A Midsummer Night's Dream is exactly contemporary with Edmund Spenser's allegorical (but incomplete) epic poetic masterpiece The Faerie Queene, one of the longest poems in the English language (believe me, I've read it...) which acts, on one level, to praise and glorify Elizabeth.  

Both The Faerie Queene and A Midsummer Night's Dream are also, however, making political points.  Elizabeth was, at this time, in her late 50s/early 60s, and childless, leading to problems regarding succession and a period of economic and political uncertainty.

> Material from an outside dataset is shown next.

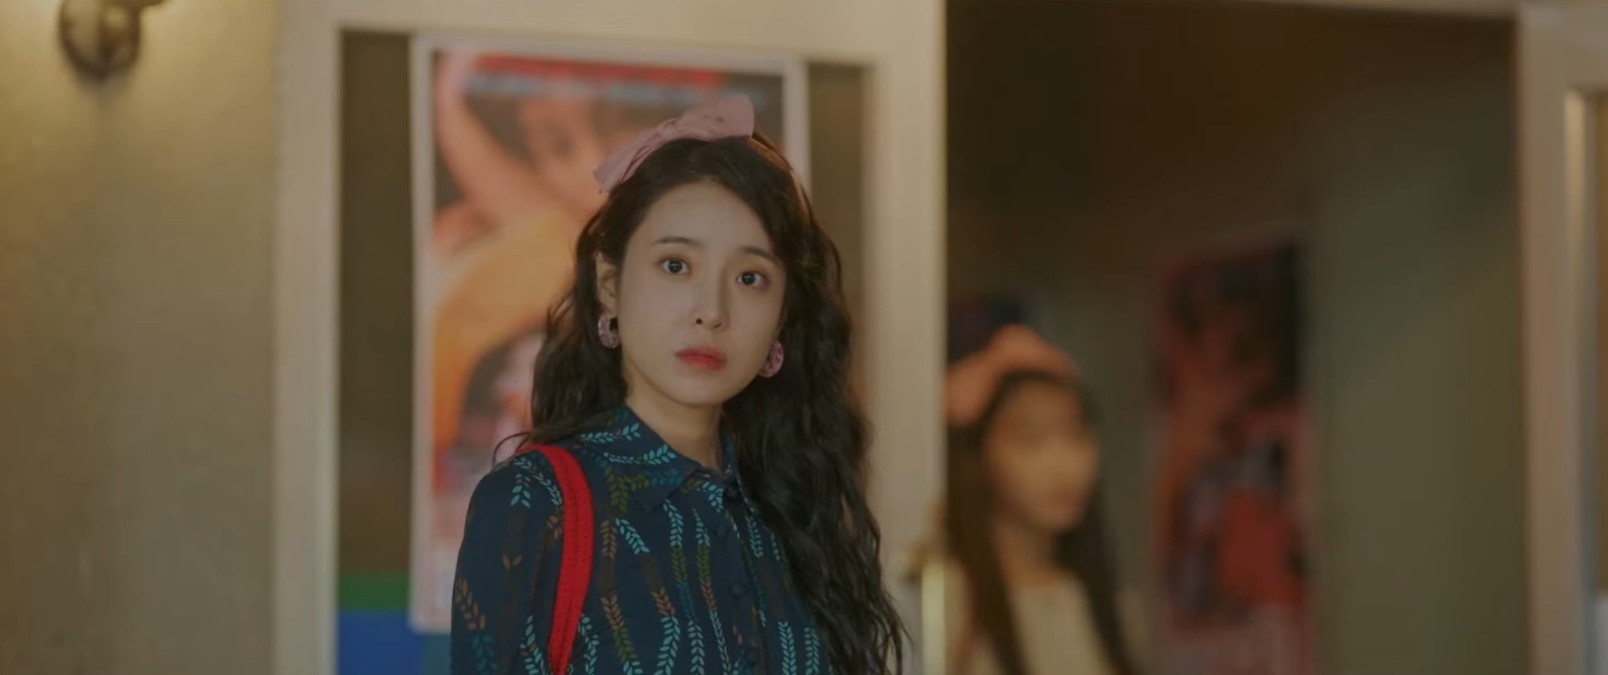 My Perfect Stranger Episode 10 Recap/Review: Mystery Behind the Pink Hairband
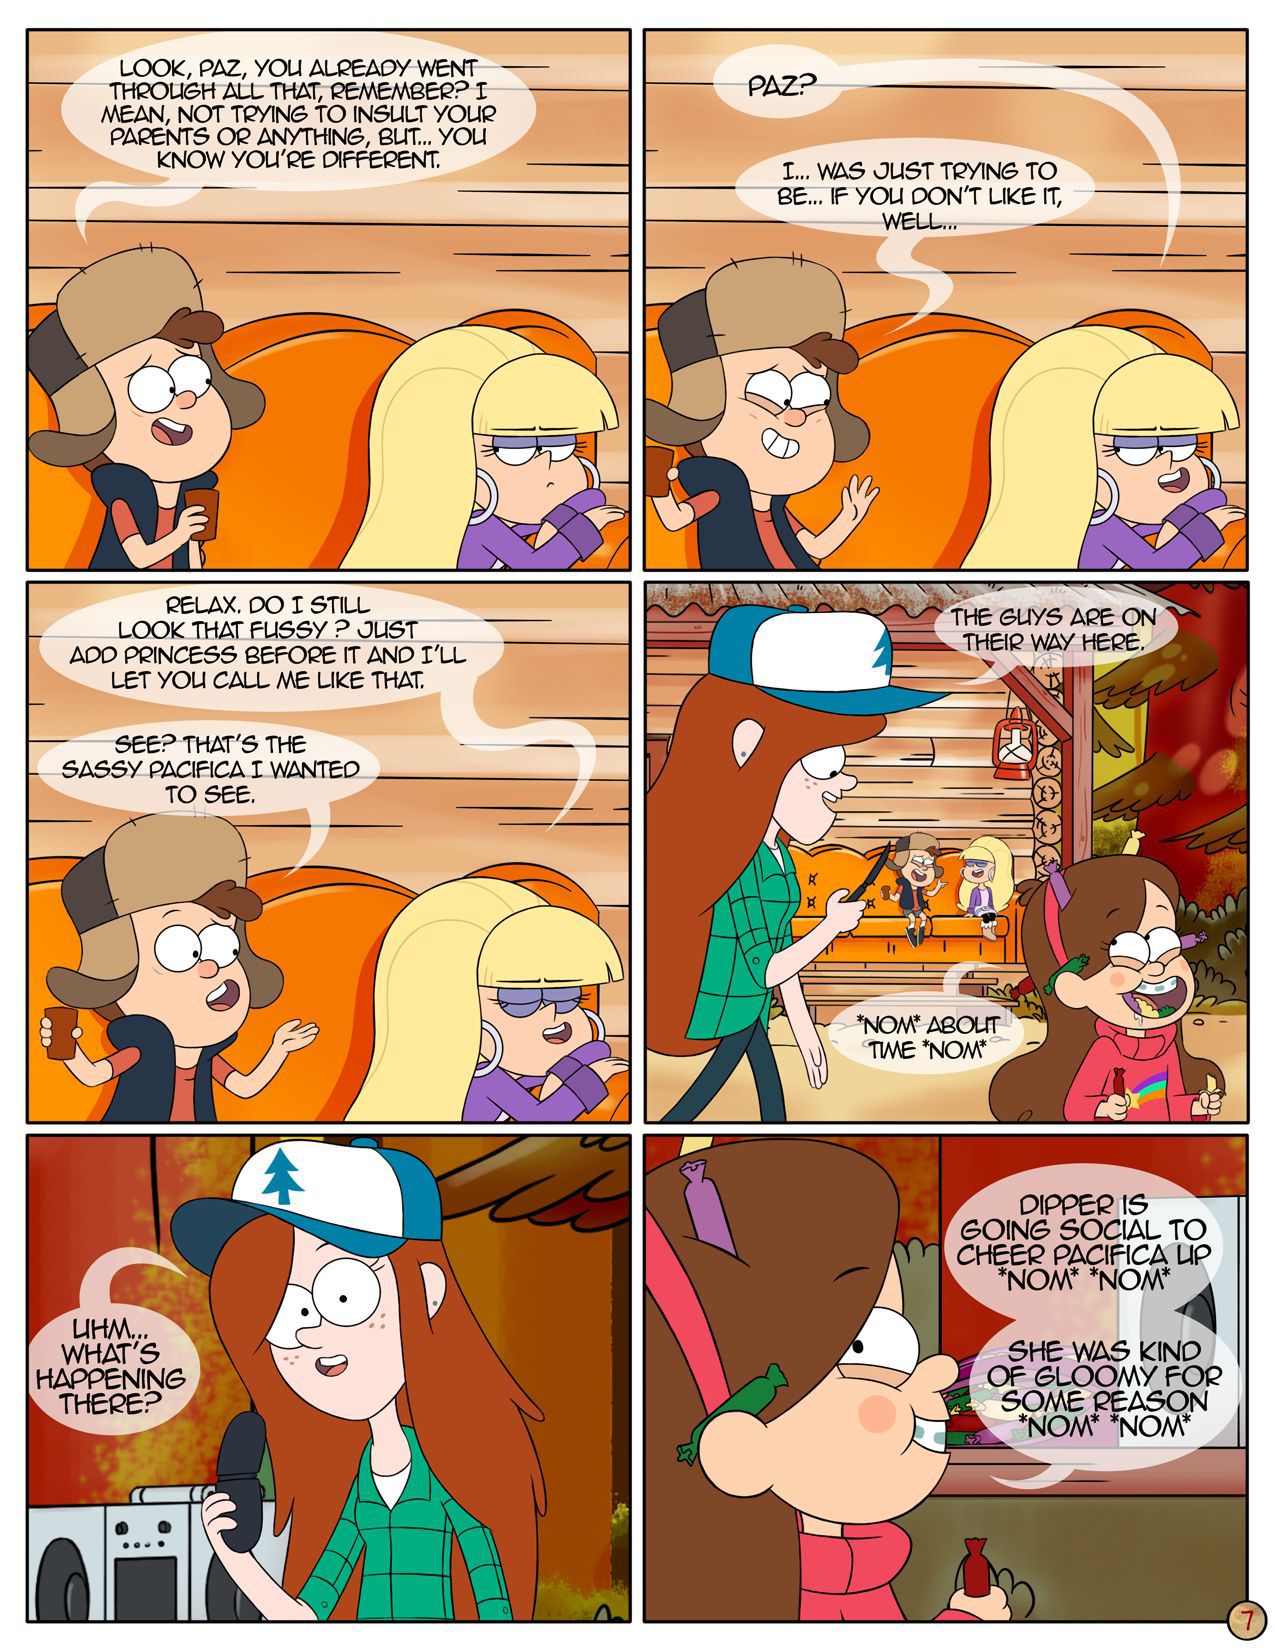 [Area] Next Summer (Gravity Falls) [Ongoing] 8

Therefore, in Shakespeare's play, as the virginally white old moon wanes, anarchy breaks out and society breaks down.  

How does Shakespeare get away with it?  By presenting these ideas as a dream.  "If we shadows have offended,/ Think but this, and all is mended," says Puck to the audience, playing the get-out-of-jail-free card, "That you have but slumber'd here / While these visions did appear."  Yes, it's all a dream.  So that's okay then.

So - were any of these themes touched upon in this production?  Any depths, resonances, complexities, universal truths? 

Nope - just drop the trousers.

Now, it wasn't just me being in the wrong mood for the play, or not entirely 'getting' it.  Quite a few people left after the interval - which was a pity, because the second half was stronger than the first.  

To sum up then - for all the energy and invention on the stage, the spliffy hippy analogy actually suited this Dream - because it was actually not nearly as funny or clever as it thought it was.  It was indeed, as insubstantial as a dream.